I confessed to a friend how emotional I was feeling after visiting a dear relative (for what I thought was the last time) who was suffering greatly with dementia and multiple organ failure. Friend asked how old relative was and when I answered "80" she shrugged "well, what do you expect".

I don’t know if she meant it so sound so dismissive but I'll never forget it.

beautyisthefaceisee · 04/07/2022 18:21

KittenKong · 04/07/2022 09:26

I can’t even equate the loss of my parents to someone who has lost a child. I remember talking to dad when he got his terminal diagnosis - he was early 70s and it was very out of the blue.
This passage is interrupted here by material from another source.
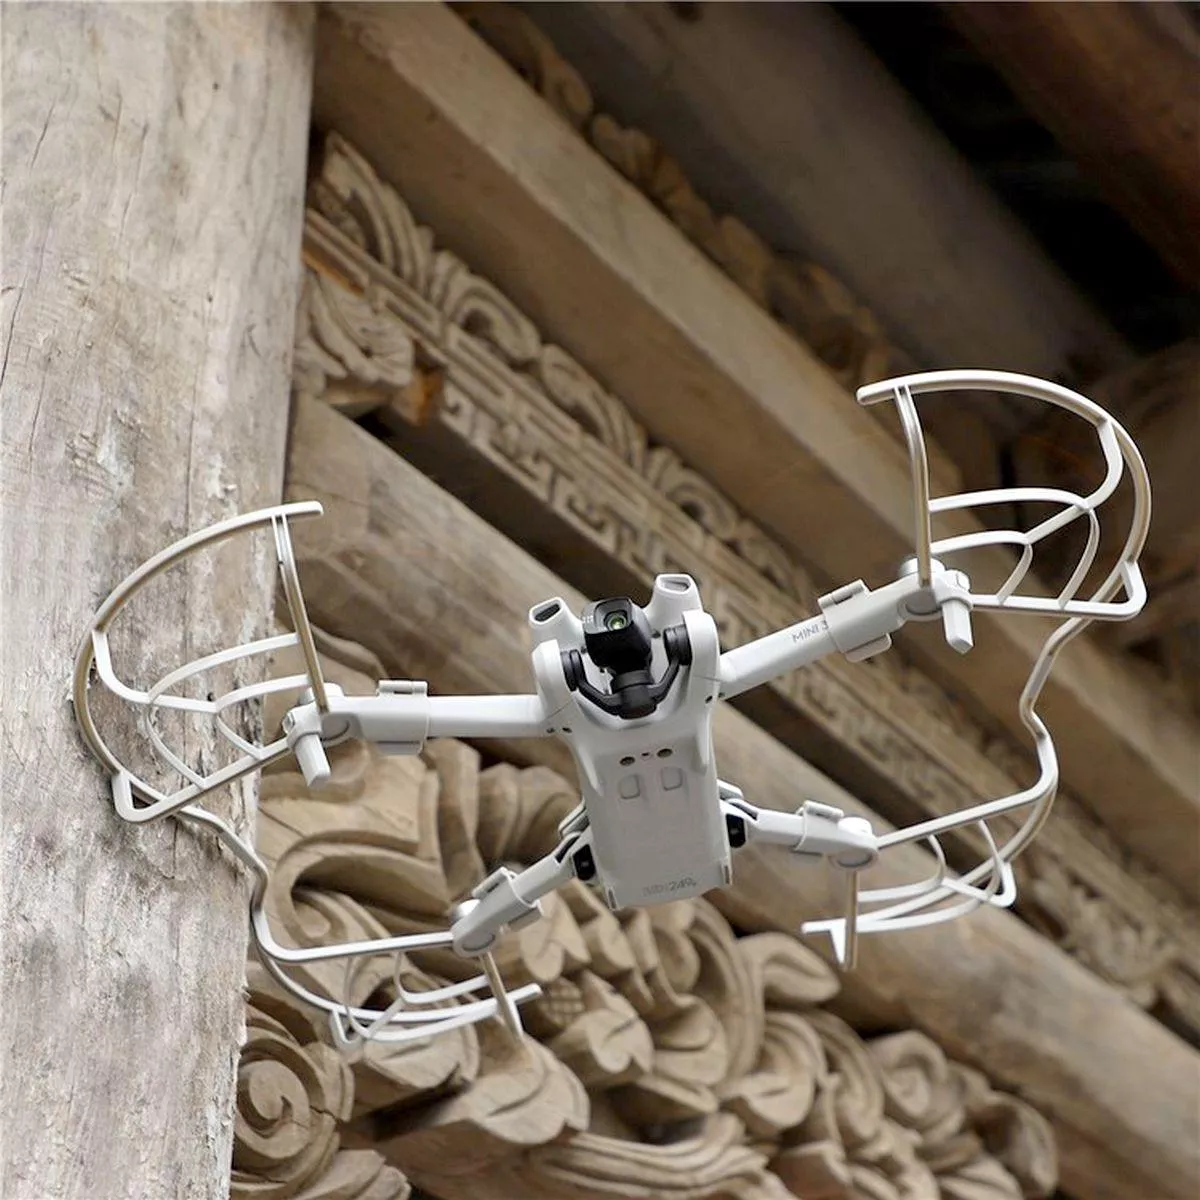 Segunda imagem para pesquisa de pecas drone dji

‘It’s sad’ he said ‘I’m disappointed - but it’s no tragedy. There are kids on the ward - and their parents are suffering so much, parents shouldn’t bury their kids’.

It shouldn't be a competition.

KittenKong · 04/07/2022 18:22

Indeed he was (generally referred to as ‘a gentleman’). Thanks for letting me remember - it will be 20 years in a few days (where does time go???h

VenusClapTrap · 04/07/2022 18:23

At my mum’s funeral, my aunt said to me “It’s all ok, I’ve had a vision of her dancing with Jesus”.
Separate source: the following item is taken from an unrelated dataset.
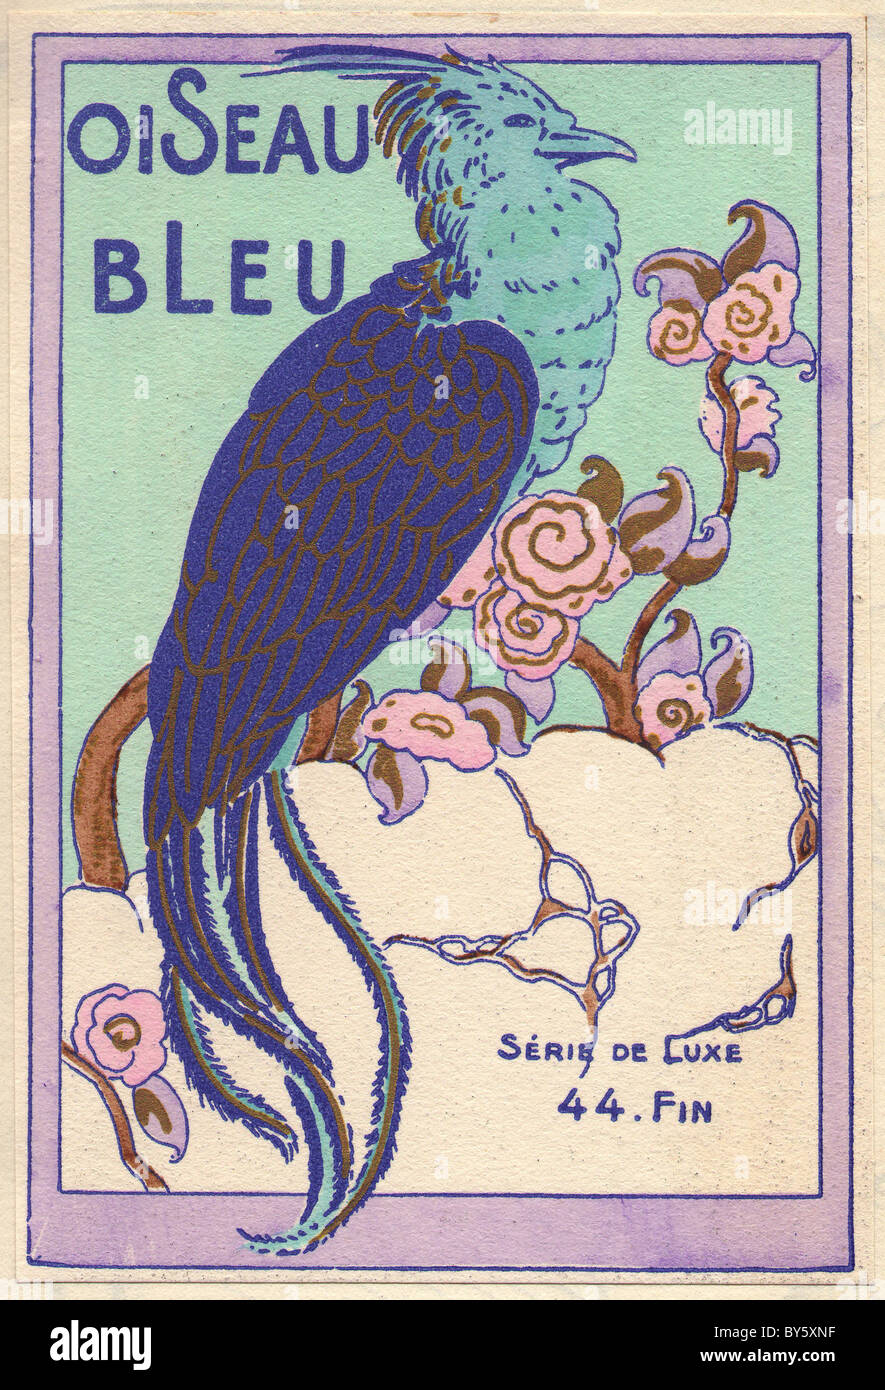 1920er Jahre Art-deco-Werbung für Blue Bird, zeigt einen blauen Vogel auf einem blühenden Baum vor dem türkisfarbenen Hintergrund. Stockfoto

LegInLegOut · 04/07/2022 18:25

@beautyisthefaceisee I don't think that was the intention. Her Father was making compassionate comment in the face of his own struggle.

Rosscameasdoody · 04/07/2022 18:25

On phoning my boss to say I was taking leave because my father had died during the night, after a long and painful battle with cancer - ‘never mind, God is good !!’

IdreamofPilates · 04/07/2022 18:26

My mum died early one Wednesday morning. Having dealt with Police (she died at home), doctor and funeral directors, as well as distraught son and siblings, it was never going to be my best day so far. Mum was (and still is) my absolute hero - I loved her unquestionably. Later that evening, after several very large glasses of wine, bawling my eyes out and quite literally tearing my face off with grief - D(?)P pipes up 'I never want to see you behave like that again.' Followed by 'and I'm sure your son doesn't want to either.' Oh FO.

blackheartsgirl · 04/07/2022 18:27

When my husband died I had from my mother of all people (who lost her husband, my dad 14 years) .. oh are you still upset..’3 months afterwards, you’ll get over it 😡

my friend..‘I’m so sorry but you’ll be fine, it’s similar to being divorced I know how you feel’

no you fucking don’t

SmileyPiuPiu · 04/07/2022 18:27

IdreamofPilates · 04/07/2022 18:26

My mum died early one Wednesday morning. Having dealt with Police (she died at home), doctor and funeral directors, as well as distraught son and siblings, it was never going to be my best day so far. Mum was (and still is) my absolute hero - I loved her unquestionably. Later that evening, after several very large glasses of wine, bawling my eyes out and quite literally tearing my face off with grief - D(?)P pipes up 'I never want to see you behave like that again.' Followed by 'and I'm sure your son doesn't want to either.' Oh FO.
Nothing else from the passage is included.